I’ve had different experiences with different languages. With easy languages like Spanish, German, French, reading is SO powerful I can’t imagine not prioritizing it. You would need to be obsessed with sounding like a native I think to prioritize listening over reading. As far as listening ability (not speaking) for spanish I think reading actually helps it. If I get to where I can easily understand a word if I read it I am also fairly confident that I’ll understand it when it’s spoken. But the same is not true for Japanese. So often I was able to understand something when I read it but not when I heard it spoken until I had heard it several times. This was super frustrating. I don’t know if there was anything I could have done to make this less painful. I’ve never been that worried about my accent like Matt is. Although when I was in Japan for a bit I thought people didn’t want to speak Japanese to me or only easy Japanese because of my accent. But it did vary from person to person. I don’t think having great pronunciation would have changed things. As long as I was still less than perfect along with my very non Japanese face, I think most people will adjust their speech according. While Matt can pull off the impression of perfection I think we all know that’s not realistic for most people.
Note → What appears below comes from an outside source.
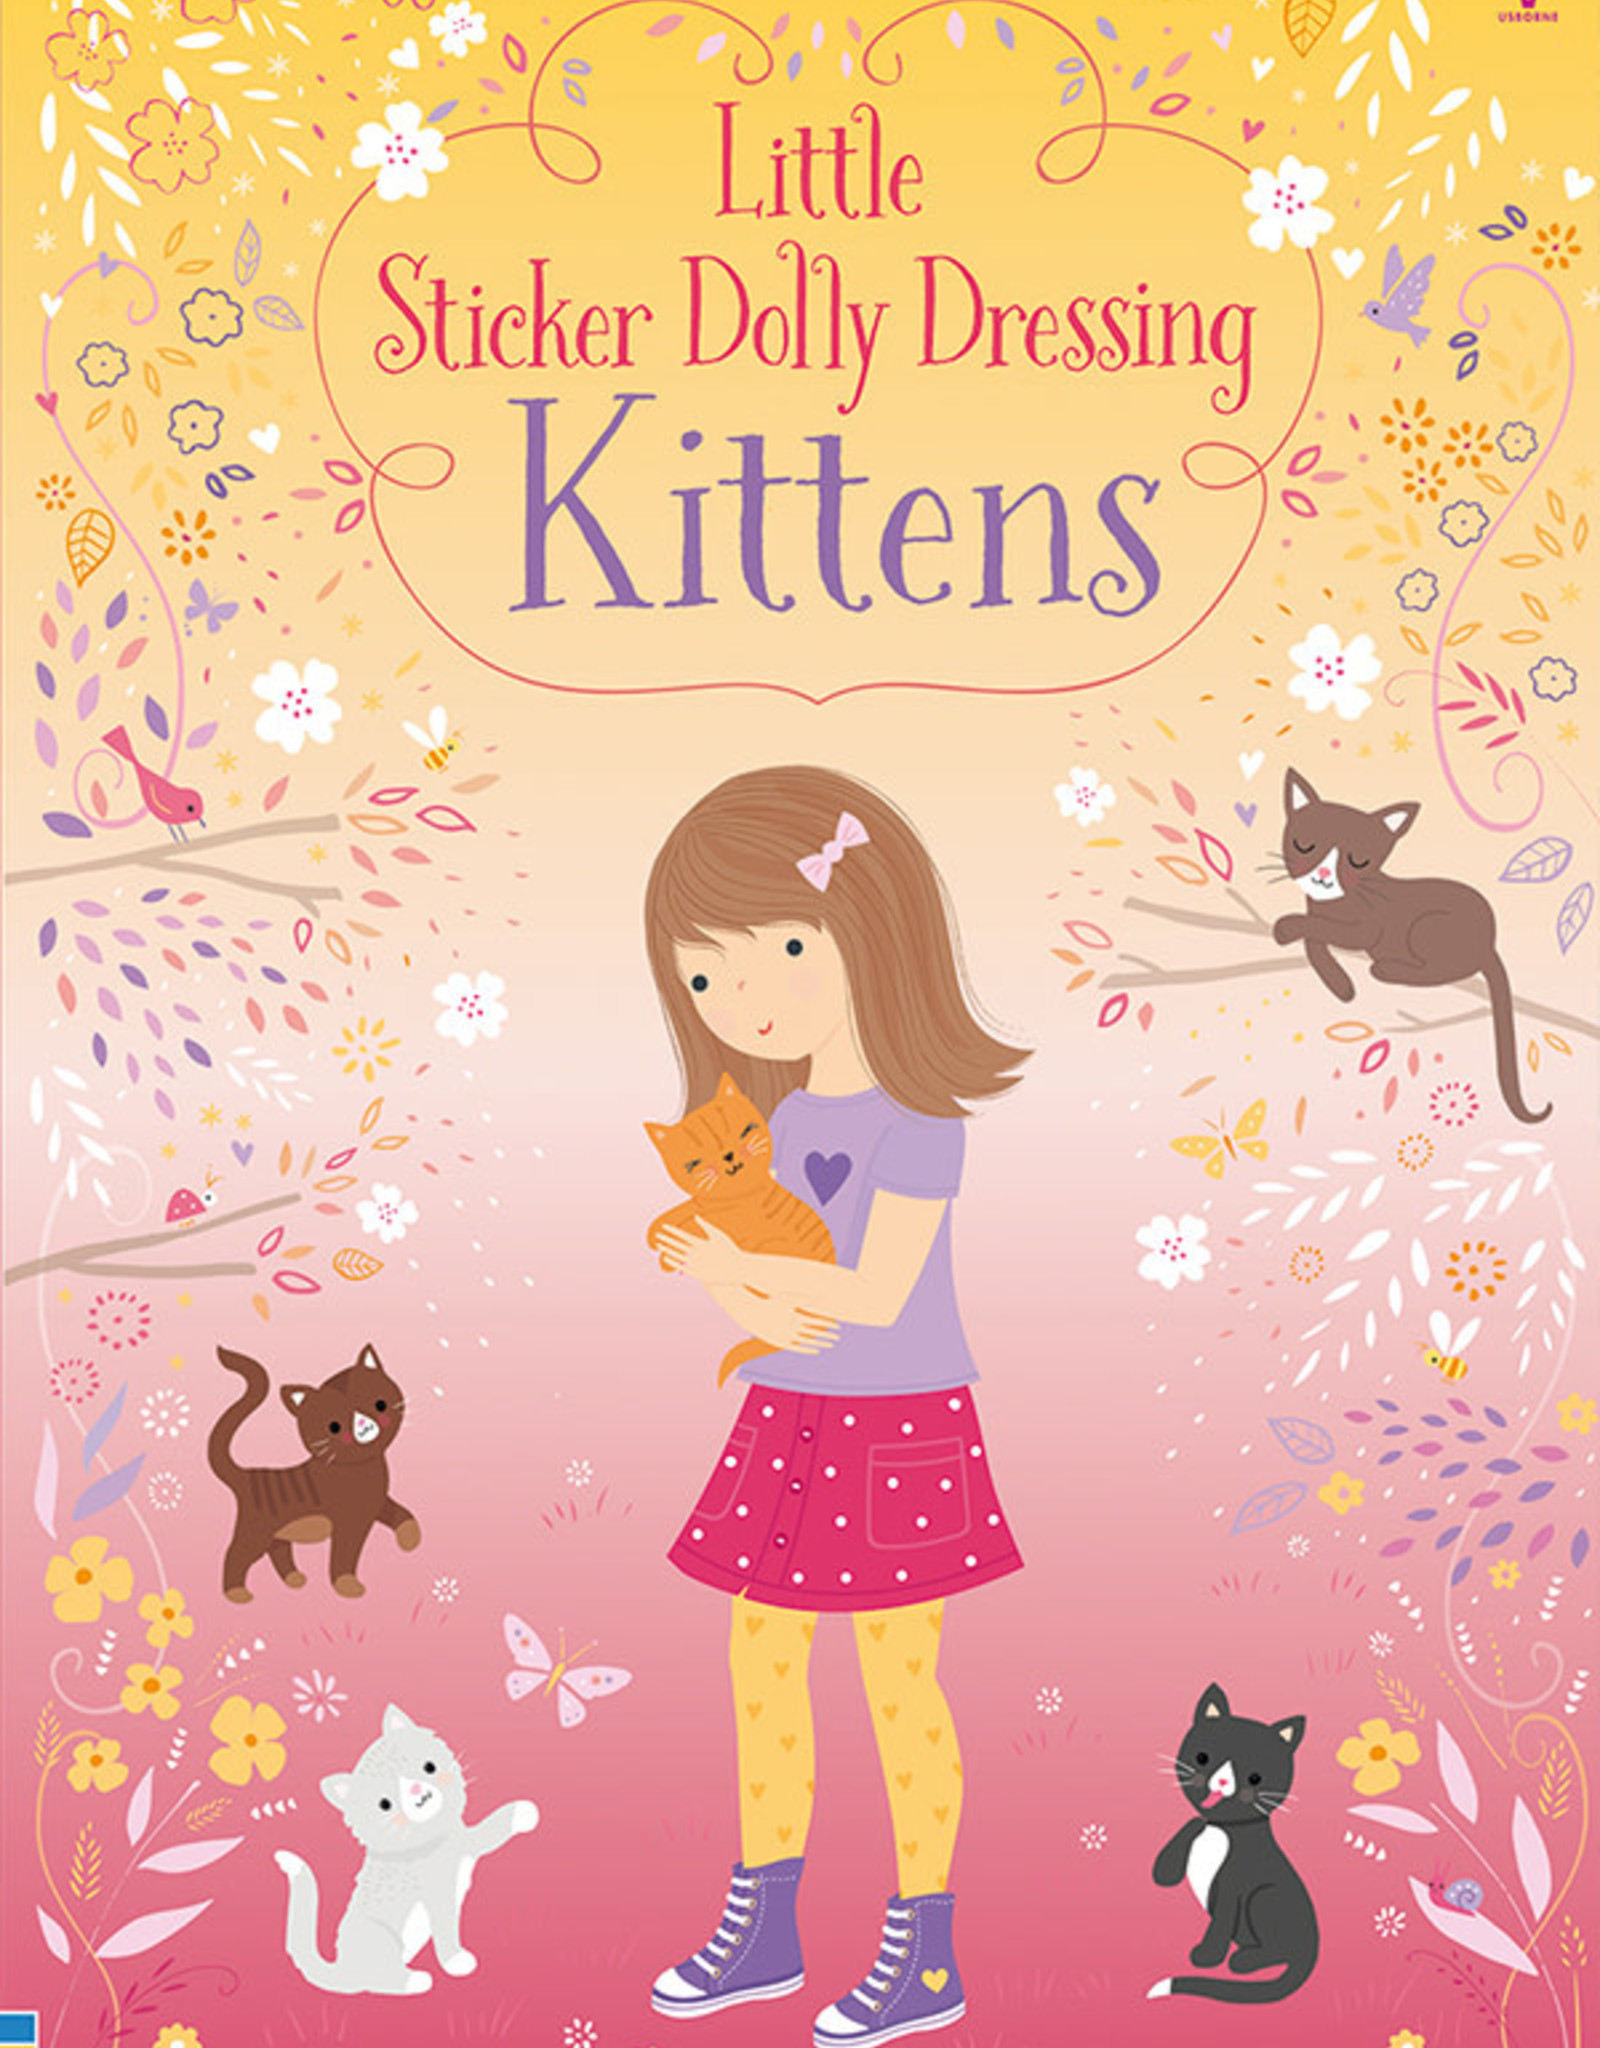 Usborne Little Sticker Dolly Dressing Kittens

@DragonMasterGold Жыл бұрын
I do want to add a small note to the interacting with native Japanese speakers thing. And not to devalue your experience, but just to say what I've seen others discuss on the topic. Which is most advanced learners talk about how different Natives speak with them depending on their pitch accent level. Whether it be antidotal accounts from learns or discussions had by Dogen in his master course series on Pitch Accent ---- that it is incredibly common for Native speakers to judge a person's Japanese level off of their Pitch Accent level. Since it is the most instant and readily obvious measure of skill at the language. Of course I fully agree that people can have very large differences between their strengths and weaknesses in a language and a lot of learners probably are a lot better then their Pitch Accent would imply. But I also think it is completely fair and generally the case to assume someone's level based on Pitch Accent. If I had to pick one single aspect of Japanese that most directly correlated with overall skill it would be that. Especially since, it is technically true some learners could be good at the language without being good at Pitch Accent, but it is always going to be true that if a person has good Pitch Accent they are at least likely to be much better at the language. But take everything I said here with a grain of salt. I'm still very much a learner and have yet to head to Japan to interact with people directly. But again, this general line of thought is something I've heard a lot and it does make sense to me at least.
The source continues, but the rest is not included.